A case of carcinoma cervix who earlier received radiotherapy, relapses with new lesion, what should be the next line of management?
Cervical cancer is typically managed with a combination of surgery, radiation, and chemotherapy. For locally advanced cases, concurrent chemoradiotherapy is the standard. But if a patient relapses after initial radiotherapy, the approach changes. The key here is understanding the options available for recurrent disease.

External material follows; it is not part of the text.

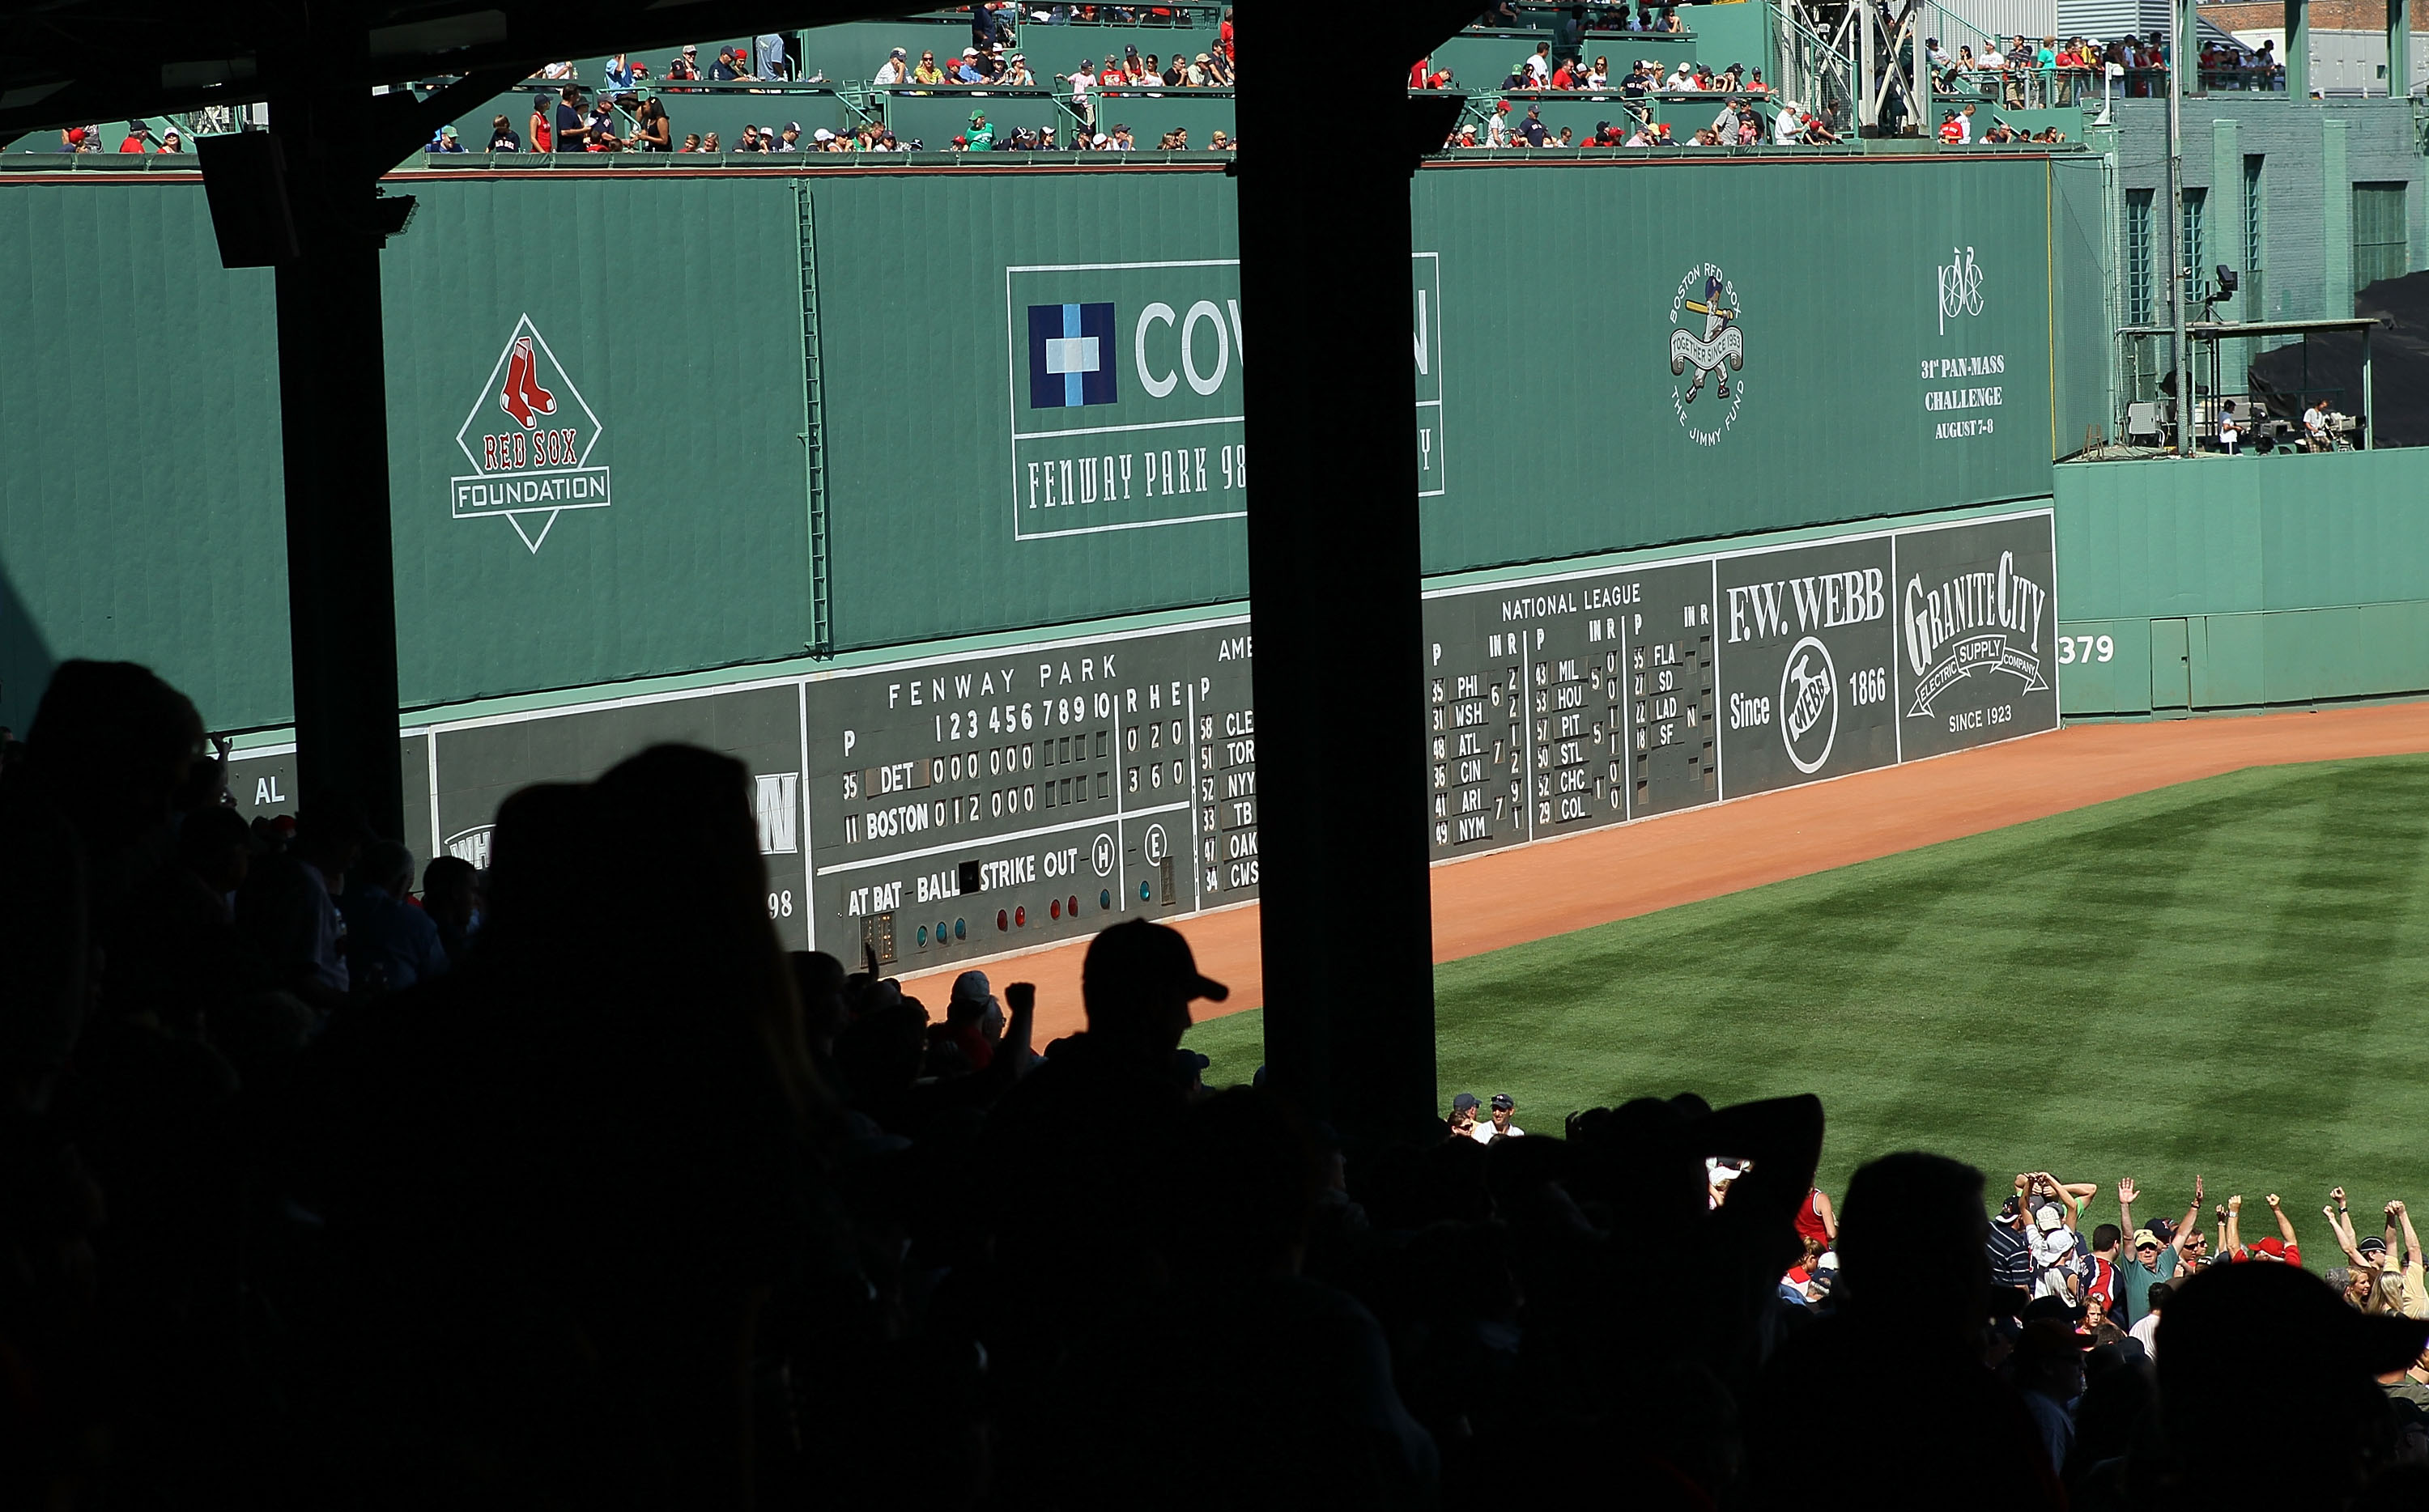 White Sox's problems bigger than ballpark: Dan McGrath

The correct answer is likely to be chemotherapy with cisplatin or a combination regimen. I remember that for recurrent or metastatic cervical cancer, platinum-based chemotherapy (like cisplatin) is the first-line treatment. Also, there's the option of adding bevacizumab, an anti-VEGF agent, which has shown improved survival in some studies. However, the question might be testing the knowledge of the primary next step, which is usually chemotherapy rather than immediate surgery or another round of radiotherapy.
Now, looking at the wrong options: surgery might be considered in select cases, but if the lesion is new after radiotherapy, it's more likely to be a metastasis or resistant to radiation, making surgery less viable. A second round of radiotherapy is generally avoided due to the risk of severe toxicity from cumulative radiation. Targeted therapies or immunotherapy might be newer options, but the first-line remains chemotherapy. So, the other options would be incorrect because they don't align with the standard of care for recurrent cervical cancer post-radiotherapy.
The clinical pearl here is that recurrent cervical cancer after radiotherapy is typically managed with chemotherapy, not further radiation. Also, checking if there's a role for bevacizumab if the patient is eligible. The high-yield fact is the standard first-line treatment for recurrence.
**Core Concept**
Cervical cancer recurrence after prior radiotherapy is managed with systemic chemotherapy, as salvage surgery or re-irradiation is limited by prior treatment fields and toxicity risks. Concurrent chemoradiotherapy is the standard for initial stages, but relapsed disease requires alternative strategies.
**Why the Correct Answer is Right**
The next line of management is systemic chemotherapy (e.g., cisplatin-based regimens) combined with targeted agents like bevacizumab if indicated. Recurrent cervical cancer post-radiation is resistant to further local therapies due to prior radiation-induced tissue damage, making chemotherapy the primary systemic option. Cisplatin is the backbone of first-line therapy for metastatic/recurrent disease, with or without addition of anti-VEGF agents.
**Why Each Wrong Option is Incorrect**
**Option A:** Re-irradiation is contraindicated due to cumulative radiation toxicity risks (e.g., fibrosis, necrosis).
**Option B:** Surgery (e.g., exenteration) is reserved for isolated, non-radiated pelvic recurrences and not feasible after prior radiotherapy.
**Option C:** Observation is inappropriate for active, symptomatic recurrence.
**Clinical Pearl / High-Yield Fact**
Never re-irradiate a previously treated field in cervical cancer recurrence. Remember the "chemotherapy-first" approach for post-radiation relapse. Bevacizumab improves survival in selected patients but requires performance status >1.